MPC can compute across private inputs without a single trusted operator, but normal backend teams often experience it as protocol-heavy, expensive, and hard to reason about before deployment.

MPC For Normal Backend Engineers

Field Card
Problem Why is MPC still too hard for normal backend engineers?
The itch Developers who can ship APIs, queues, and databases still struggle with parties, circuits, preprocessing, threat models, and deployment ceremonies.
Why it matters Useful private collaboration remains trapped in specialist teams.
Current workaround Hire cryptographers, use vendor black boxes, or avoid MPC.
Why the workaround is insufficient It slows adoption and makes security claims hard for application teams to inspect.
What good progress would look like Developer abstractions that expose parties, allowed outputs, collusion assumptions, and cost without requiring protocol expertise.
Difficulty Hard
Good for Systems builder, cryptographer, backend engineer
Related PETs MPC, PSI, clean rooms
Possible first contribution Build a small MPC service template for one analytics task with deployment diagrams, cost estimates, and failure-mode docs.

Cost Before Deployment

Field Card
Problem How can MPC systems explain cost before deployment?
The itch Teams often discover round trips, bandwidth, preprocessing, and cloud costs after they have already designed the workflow.
Why it matters A technically correct MPC design can be commercially unusable.
Current workaround Run prototypes late or ask vendors for estimates.
Why the workaround is insufficient Estimates are workload-specific and often omit availability, retries, and operational overhead.
What good progress would look like A cost model that predicts latency, bandwidth, compute, and failure sensitivity from a high-level computation.
Difficulty Medium
Good for Systems builder, benchmark maintainer, cryptographer
Related PETs MPC, PSI, HE
Possible first contribution Create a cost calculator for private sum, private join, and logistic-regression inference across two and three parties.

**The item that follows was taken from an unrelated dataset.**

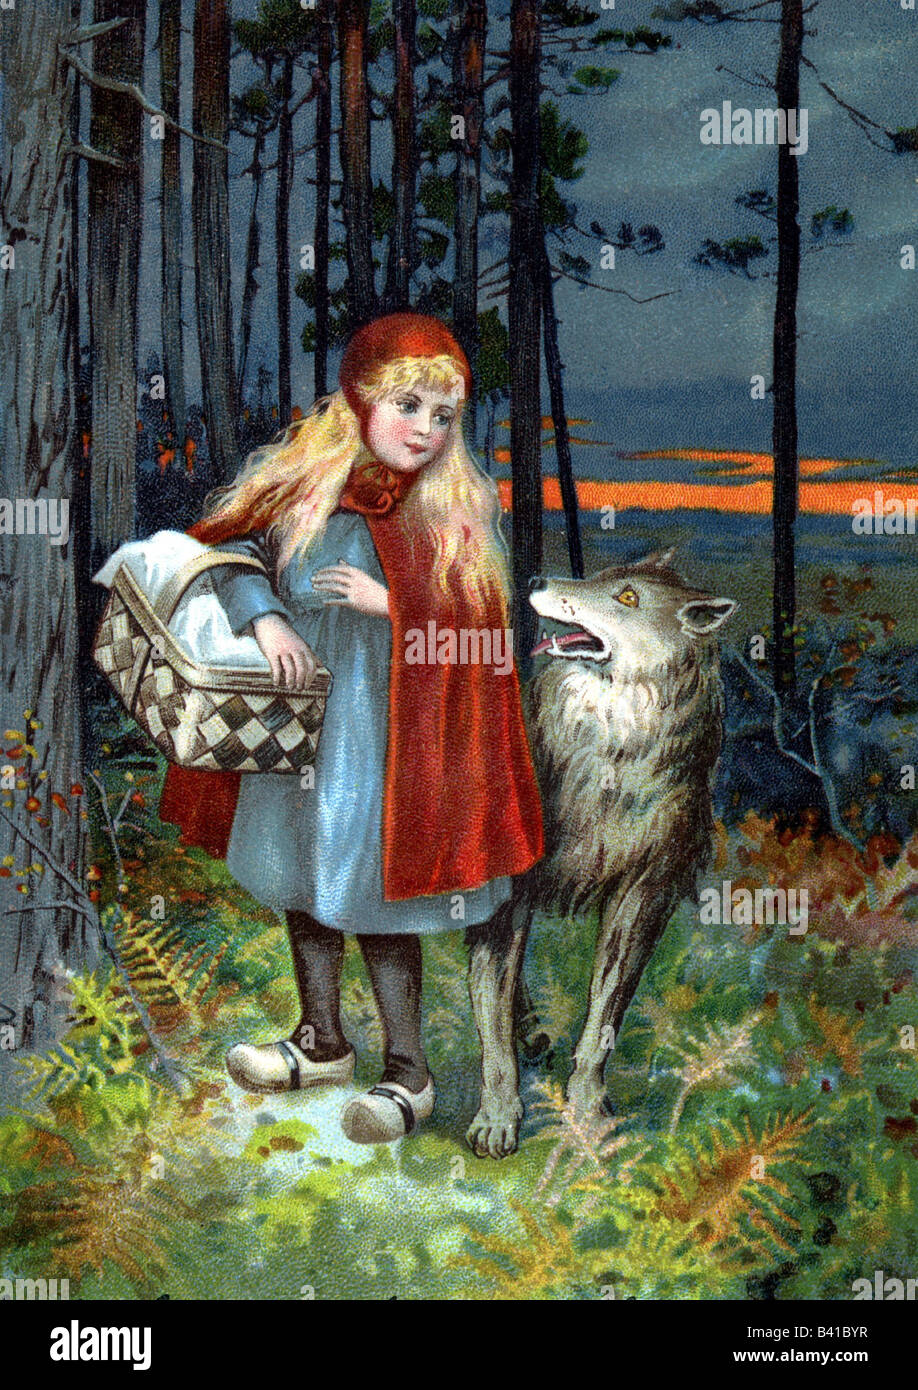 Literatura, cuento de 'Little Red Riding Hood', por los hermanos Grimm,  Little Red Riding Hood y el lobo en la madera, alrededor de 1910, siglo 20,  folktale Fotografía de stock - Alamy
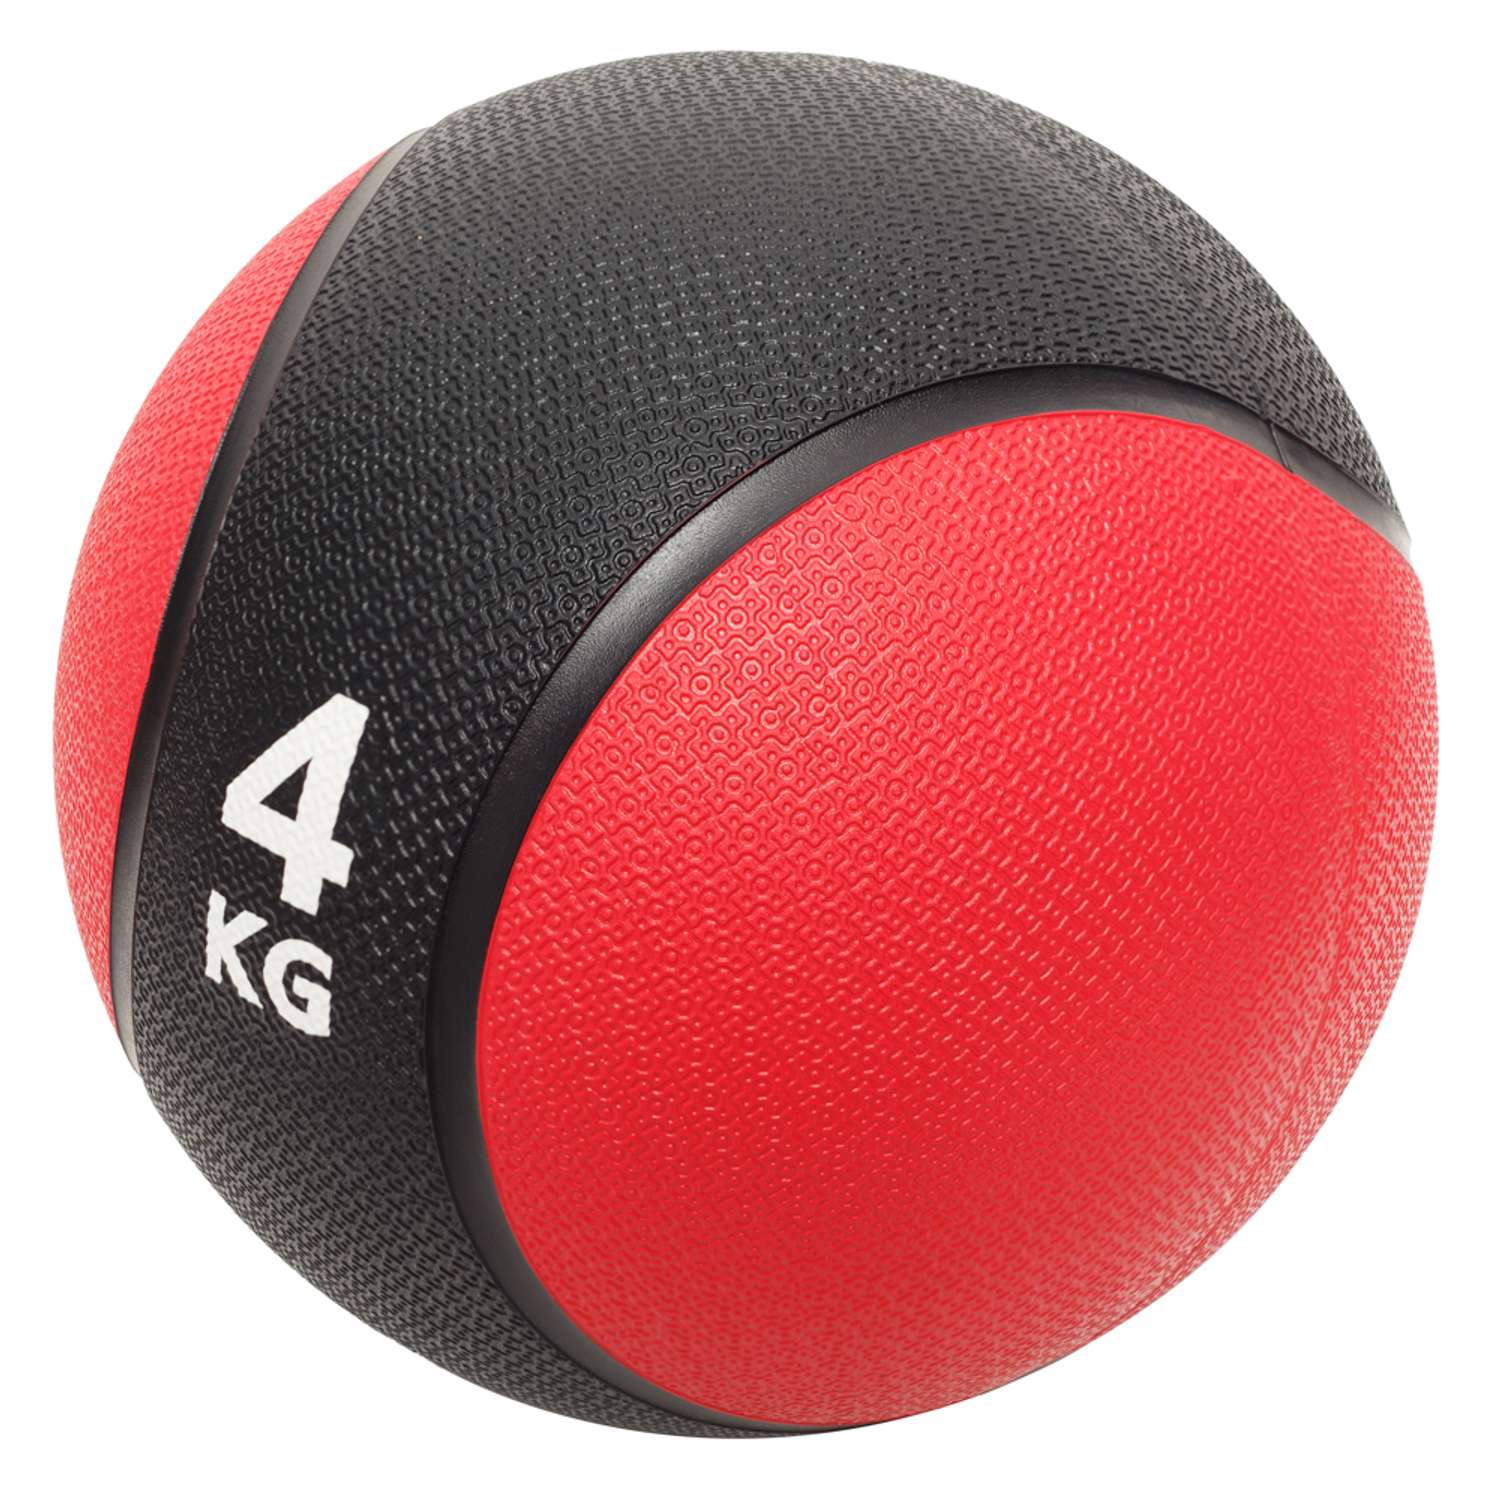 Медбол STRONG BODY медицинский мяч для фитнеса черно-красный 4 кг - фото 2

Malicious Security Usability

Field Card
Problem What developer abstractions make malicious security usable?
The itch Honest-but-curious demos are easier, but real deployments may involve parties that send malformed inputs or deviate from the protocol.
Why it matters Finance, ad measurement, and public-sector collaborations often cannot rely on all parties behaving perfectly.
Current workaround Use semi-honest protocols plus contracts, audits, or manual input checks.
Why the workaround is insufficient It leaves protocol deviation and adaptive abuse outside the technical guarantee.
What good progress would look like APIs and examples that make malicious-security choices visible, testable, and explainable to non-cryptographers.
Difficulty Hard
Good for Cryptographer, systems builder, privacy engineer
Related PETs MPC, PSI
Possible first contribution Write two versions of the same MPC task, semi-honest and malicious-secure, with measured overhead and developer-facing explanations.

MPC Output Governance

Field Card
Problem How should MPC deployments control outputs that are technically correct but privacy-invasive?
The itch MPC protects inputs during computation, but the result may still reveal sensitive facts.
Why it matters Teams can overclaim privacy while releasing tiny cohorts, sensitive matches, or commercially revealing metrics.
Current workaround Add manual review after protocol design.
Why the workaround is insufficient Output policy is often not encoded in the computation or test plan.
What good progress would look like MPC workflows with built-in thresholding, allowed-output schemas, DP options, and audit logs.
Difficulty Medium
Good for Privacy engineer, systems builder, policy researcher
Related PETs MPC, DP, clean rooms
Possible first contribution Implement a private aggregate with configurable suppression thresholds and document which outputs remain unsafe.